500 hz lines up closest to H2 which is 440 hz. So 440 hz will be boosted by the formant. and the harmonics above and below that - 220 and 660 might get a little boost too but not as much. Same with 1540 - the formant at 1500 hz lines up closest, so the intensity of 1540 hz will get boosted, and 1320 and 1760 will also get some boost but again not as much.

so what the ears will hear is something like

high intensity 440 1540

660 1320

220 1760

880 1100

low intensity

frequency on the horizontal axis, in hz

Now what happens with the singer's formant is that the harmonics up there are so close together that the formant can be static and will still pick up and amplify the higher harmonics of whatever pitch it's given.

For instance let's take a G4 an A4 and an C5

let's say the singer's formant is at 3000 hz.

(rounding fundamentals of G and C to nearest hundred for ease)

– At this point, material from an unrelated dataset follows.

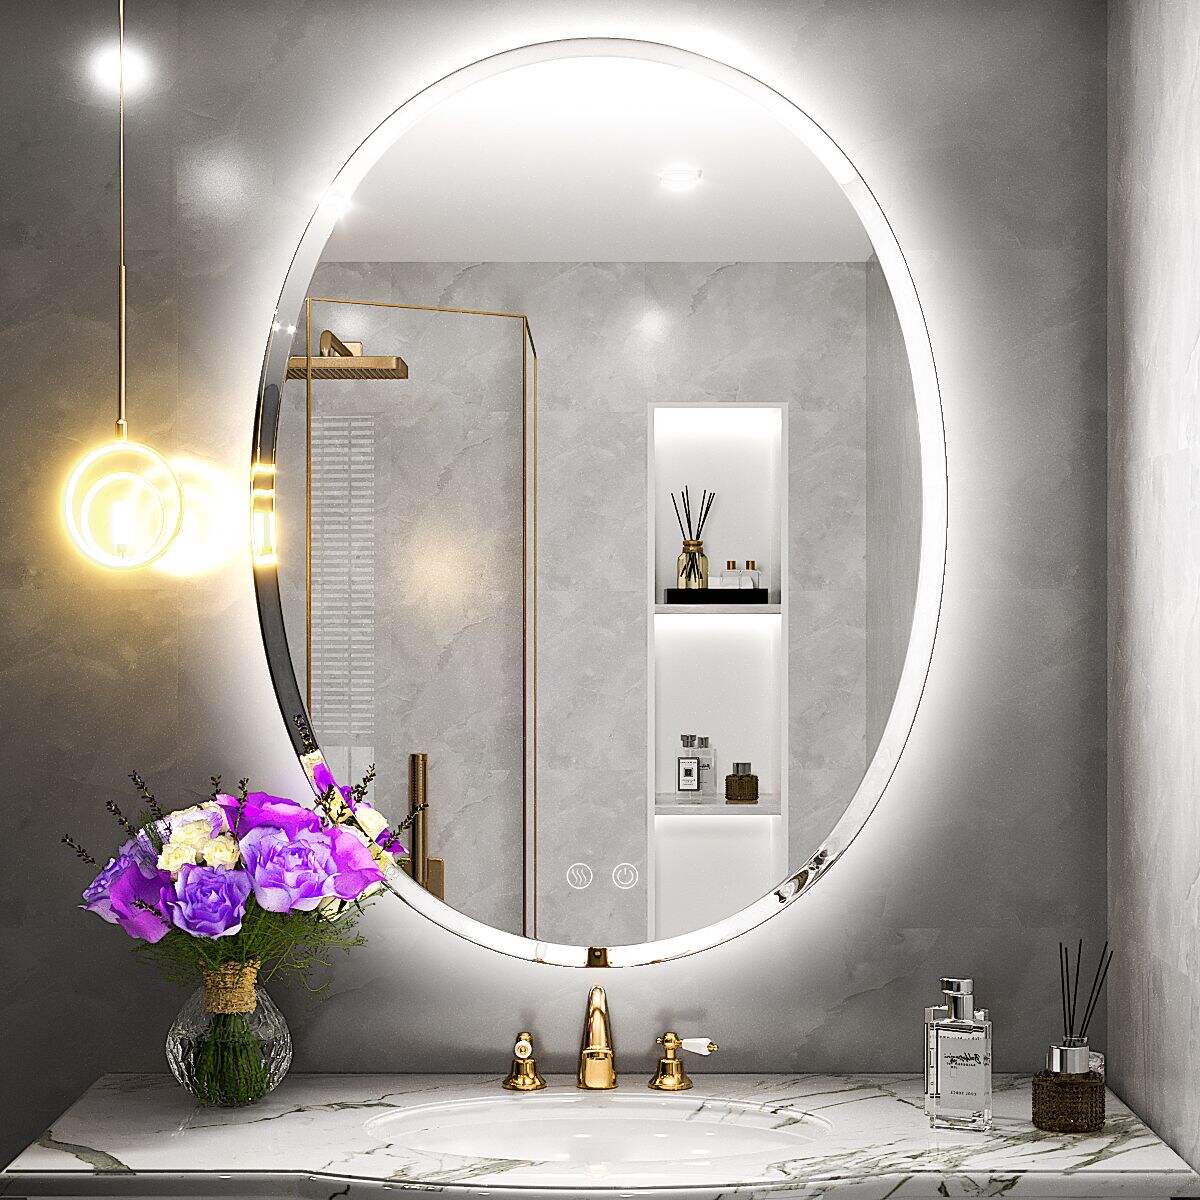 JJGullit bathroom mirror supplier  24x32 Inch Oval LED Bathroom Mirror, Backlit Beveled Mirror, Wall Mounted Vanity Mirror with Lights, Dimmable Touch Switch, Anti-Fog Modern Lighted Mirrors(HorizontalVertical)

G4 harmonics: 400 800 1200 1600 2000 2400 2800 3200

A4 harmonics: 440 880 1320 1760 2200 2640 3080

C5 harmonics: 500 1000 1500 2000 2500 3000

the singer's formant will easily amplify the 3080 hz of A4 and the 3000 hz of C5 and since it's a cluster it is actually a bit wide (e.g. may have one formants at 2800 hz, one at 3000 hz, one at 3200 hz) and will even amplify BOTh the 2800 hz and 3200 hz of the G4.

Pretty much any pitch you sing the singer's formant will amplify.

However, if I tried to keep a static F1 of 1000hz on an ah vowel for instance, look what happens if I try to sing a G4 (again rounding here)

G4 harmonics:400 800 1200 1600 2000

F1 freuqnecy: 1000

the formant lands in between two harmonics, which is the same as the singer's formant over that G4, but since F1 is only one formant, not a cluster of F3/F4/F5 and the pitches of 800 hz and 1200 hz are waaay wider (a half an octave apart!), what will realistically happen is neither the 800 hz H2 nor the 1200 hz H3 will get amplified much. and so the singer has to either tune to F2 instead, rely on the singer's formant cluster, or, what people usually do is modify the vowel (for instance an AW may help bring down F1 to 800 hz so it can line up with the 2nd harmonic) so that the formant lines up better to one harmonic - so there is more intensity in the lower frequencies, perceived as a boomier tone instead of just relying on the singer's formant frequencies which would "cut" through a mix fine, but be perceived as a thin tone if not supplemented with some nice resonance in F1 or F2 - one of the vowel formants.

I know this is a lot but you seemed very confused so I hope this just made it very clear.